(Data records Opens)

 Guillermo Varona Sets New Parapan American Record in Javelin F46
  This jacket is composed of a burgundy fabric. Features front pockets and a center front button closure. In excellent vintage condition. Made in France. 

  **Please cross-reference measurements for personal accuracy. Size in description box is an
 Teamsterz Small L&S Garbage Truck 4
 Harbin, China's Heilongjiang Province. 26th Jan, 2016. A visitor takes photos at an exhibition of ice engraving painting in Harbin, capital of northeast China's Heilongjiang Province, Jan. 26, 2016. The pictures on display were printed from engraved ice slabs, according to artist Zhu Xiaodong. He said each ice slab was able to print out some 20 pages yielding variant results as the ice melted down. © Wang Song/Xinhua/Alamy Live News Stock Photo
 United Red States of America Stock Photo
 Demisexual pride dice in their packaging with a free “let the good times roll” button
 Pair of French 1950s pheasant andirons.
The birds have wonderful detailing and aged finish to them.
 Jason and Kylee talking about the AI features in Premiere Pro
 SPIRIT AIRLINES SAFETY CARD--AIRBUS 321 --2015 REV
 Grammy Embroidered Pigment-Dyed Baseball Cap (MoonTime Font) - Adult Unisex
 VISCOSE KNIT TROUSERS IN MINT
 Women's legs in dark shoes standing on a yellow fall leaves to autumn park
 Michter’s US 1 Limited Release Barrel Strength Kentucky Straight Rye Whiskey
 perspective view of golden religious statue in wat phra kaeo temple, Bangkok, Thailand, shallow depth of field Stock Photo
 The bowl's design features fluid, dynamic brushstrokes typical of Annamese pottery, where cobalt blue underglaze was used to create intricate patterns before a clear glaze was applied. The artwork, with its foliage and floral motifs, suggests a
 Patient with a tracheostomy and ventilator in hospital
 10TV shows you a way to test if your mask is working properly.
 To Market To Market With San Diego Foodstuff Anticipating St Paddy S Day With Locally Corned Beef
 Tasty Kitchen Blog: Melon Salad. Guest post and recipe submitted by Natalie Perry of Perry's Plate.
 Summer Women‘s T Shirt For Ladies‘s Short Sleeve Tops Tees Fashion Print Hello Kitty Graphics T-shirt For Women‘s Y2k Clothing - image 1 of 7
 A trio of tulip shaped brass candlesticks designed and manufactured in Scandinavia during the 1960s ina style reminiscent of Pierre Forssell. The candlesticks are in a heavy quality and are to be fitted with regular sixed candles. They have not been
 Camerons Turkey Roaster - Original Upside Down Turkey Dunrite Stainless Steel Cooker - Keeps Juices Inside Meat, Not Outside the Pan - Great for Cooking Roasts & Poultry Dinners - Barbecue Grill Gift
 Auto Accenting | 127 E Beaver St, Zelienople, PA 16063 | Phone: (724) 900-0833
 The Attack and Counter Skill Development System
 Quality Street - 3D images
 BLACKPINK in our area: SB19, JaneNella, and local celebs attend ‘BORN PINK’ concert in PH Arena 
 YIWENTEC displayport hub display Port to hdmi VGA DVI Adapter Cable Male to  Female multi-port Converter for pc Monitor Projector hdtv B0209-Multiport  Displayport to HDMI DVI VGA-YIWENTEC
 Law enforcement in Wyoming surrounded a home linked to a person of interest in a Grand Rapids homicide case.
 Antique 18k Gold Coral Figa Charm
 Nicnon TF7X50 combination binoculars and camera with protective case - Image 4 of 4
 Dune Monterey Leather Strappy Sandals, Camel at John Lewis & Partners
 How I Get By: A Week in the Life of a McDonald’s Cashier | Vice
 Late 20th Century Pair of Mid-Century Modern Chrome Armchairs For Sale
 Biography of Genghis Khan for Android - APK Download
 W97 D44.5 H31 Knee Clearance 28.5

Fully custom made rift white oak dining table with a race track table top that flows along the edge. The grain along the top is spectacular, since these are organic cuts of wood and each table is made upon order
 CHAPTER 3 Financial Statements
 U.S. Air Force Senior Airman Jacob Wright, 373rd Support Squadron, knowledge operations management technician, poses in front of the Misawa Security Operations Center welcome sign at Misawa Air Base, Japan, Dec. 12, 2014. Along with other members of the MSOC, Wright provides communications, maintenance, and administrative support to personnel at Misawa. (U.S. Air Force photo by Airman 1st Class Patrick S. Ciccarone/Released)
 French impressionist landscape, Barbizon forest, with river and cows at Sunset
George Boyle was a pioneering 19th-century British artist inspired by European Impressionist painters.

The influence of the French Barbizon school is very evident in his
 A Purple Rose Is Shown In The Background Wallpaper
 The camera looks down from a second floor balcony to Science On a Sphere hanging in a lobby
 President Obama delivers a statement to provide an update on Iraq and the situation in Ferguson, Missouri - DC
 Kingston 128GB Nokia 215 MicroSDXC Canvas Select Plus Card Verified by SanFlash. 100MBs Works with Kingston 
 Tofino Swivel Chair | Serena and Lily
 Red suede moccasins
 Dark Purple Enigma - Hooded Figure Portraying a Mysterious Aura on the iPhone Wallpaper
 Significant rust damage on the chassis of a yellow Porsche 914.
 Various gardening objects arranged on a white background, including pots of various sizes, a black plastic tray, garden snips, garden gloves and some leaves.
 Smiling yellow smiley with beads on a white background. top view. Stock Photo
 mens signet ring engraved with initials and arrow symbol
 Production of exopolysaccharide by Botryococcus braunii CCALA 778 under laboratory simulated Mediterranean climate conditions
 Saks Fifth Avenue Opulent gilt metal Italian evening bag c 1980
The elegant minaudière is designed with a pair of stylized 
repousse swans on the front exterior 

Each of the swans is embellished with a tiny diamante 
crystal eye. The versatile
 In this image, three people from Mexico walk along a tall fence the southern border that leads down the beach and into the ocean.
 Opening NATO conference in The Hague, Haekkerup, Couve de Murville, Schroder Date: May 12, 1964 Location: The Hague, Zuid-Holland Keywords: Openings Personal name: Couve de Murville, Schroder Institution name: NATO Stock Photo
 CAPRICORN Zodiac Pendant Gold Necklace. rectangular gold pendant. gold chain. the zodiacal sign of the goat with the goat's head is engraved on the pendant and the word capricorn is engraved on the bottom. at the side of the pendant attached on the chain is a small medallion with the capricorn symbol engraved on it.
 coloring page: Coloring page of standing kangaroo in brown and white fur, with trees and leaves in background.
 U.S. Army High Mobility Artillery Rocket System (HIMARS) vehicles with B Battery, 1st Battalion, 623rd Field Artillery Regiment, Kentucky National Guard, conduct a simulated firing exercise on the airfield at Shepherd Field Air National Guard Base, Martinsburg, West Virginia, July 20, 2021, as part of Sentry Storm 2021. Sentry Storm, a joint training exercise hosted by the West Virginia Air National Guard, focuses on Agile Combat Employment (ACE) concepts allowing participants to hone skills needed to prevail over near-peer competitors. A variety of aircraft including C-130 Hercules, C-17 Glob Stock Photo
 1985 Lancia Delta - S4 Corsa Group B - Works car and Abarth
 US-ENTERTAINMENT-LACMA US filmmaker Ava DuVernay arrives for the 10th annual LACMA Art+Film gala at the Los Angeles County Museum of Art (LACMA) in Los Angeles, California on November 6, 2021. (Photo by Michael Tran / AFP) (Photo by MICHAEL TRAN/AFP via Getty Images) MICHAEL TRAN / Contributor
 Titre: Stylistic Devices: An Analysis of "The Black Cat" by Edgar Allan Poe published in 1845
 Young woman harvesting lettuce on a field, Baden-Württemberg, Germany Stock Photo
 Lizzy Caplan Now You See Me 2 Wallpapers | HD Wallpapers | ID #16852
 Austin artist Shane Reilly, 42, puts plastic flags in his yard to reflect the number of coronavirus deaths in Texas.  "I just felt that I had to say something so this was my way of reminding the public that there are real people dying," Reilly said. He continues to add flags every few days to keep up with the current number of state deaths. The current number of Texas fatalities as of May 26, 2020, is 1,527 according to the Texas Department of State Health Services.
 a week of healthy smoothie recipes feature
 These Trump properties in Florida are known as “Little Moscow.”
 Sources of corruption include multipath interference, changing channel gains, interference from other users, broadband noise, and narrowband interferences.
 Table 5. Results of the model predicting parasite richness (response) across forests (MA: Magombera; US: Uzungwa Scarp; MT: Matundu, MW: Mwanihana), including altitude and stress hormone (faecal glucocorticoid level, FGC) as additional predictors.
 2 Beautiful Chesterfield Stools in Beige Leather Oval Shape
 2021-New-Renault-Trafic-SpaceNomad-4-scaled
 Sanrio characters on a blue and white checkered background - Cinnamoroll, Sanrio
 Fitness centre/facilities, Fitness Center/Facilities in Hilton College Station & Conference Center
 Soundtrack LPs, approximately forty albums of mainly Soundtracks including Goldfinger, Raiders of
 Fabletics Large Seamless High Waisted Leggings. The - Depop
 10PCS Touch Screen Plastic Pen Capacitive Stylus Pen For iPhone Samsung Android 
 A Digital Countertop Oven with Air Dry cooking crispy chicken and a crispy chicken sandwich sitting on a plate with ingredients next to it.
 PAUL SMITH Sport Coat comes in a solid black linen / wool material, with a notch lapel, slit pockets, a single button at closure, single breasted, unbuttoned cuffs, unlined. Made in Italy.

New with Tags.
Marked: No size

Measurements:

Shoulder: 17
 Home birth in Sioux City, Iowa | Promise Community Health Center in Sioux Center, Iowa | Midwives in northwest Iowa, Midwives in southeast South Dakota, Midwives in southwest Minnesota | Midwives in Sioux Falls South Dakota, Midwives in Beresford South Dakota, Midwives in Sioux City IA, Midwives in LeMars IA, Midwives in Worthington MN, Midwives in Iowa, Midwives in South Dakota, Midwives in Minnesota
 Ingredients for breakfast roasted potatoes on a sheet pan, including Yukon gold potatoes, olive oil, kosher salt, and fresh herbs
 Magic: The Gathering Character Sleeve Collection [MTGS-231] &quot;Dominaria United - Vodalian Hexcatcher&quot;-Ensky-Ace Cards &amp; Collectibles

(Data records Closes)

* Your assignment: Write out again, exactly, the lines from the start of the entries up to and including the one with "Teamsterz Small L&S Garbage Truck 4". Nothing else belongs in the reply.

* Answer space:
 Guillermo Varona Sets New Parapan American Record in Javelin F46
  This jacket is composed of a burgundy fabric. Features front pockets and a center front button closure. In excellent vintage condition. Made in France. 

  **Please cross-reference measurements for personal accuracy. Size in description box is an
 Teamsterz Small L&S Garbage Truck 4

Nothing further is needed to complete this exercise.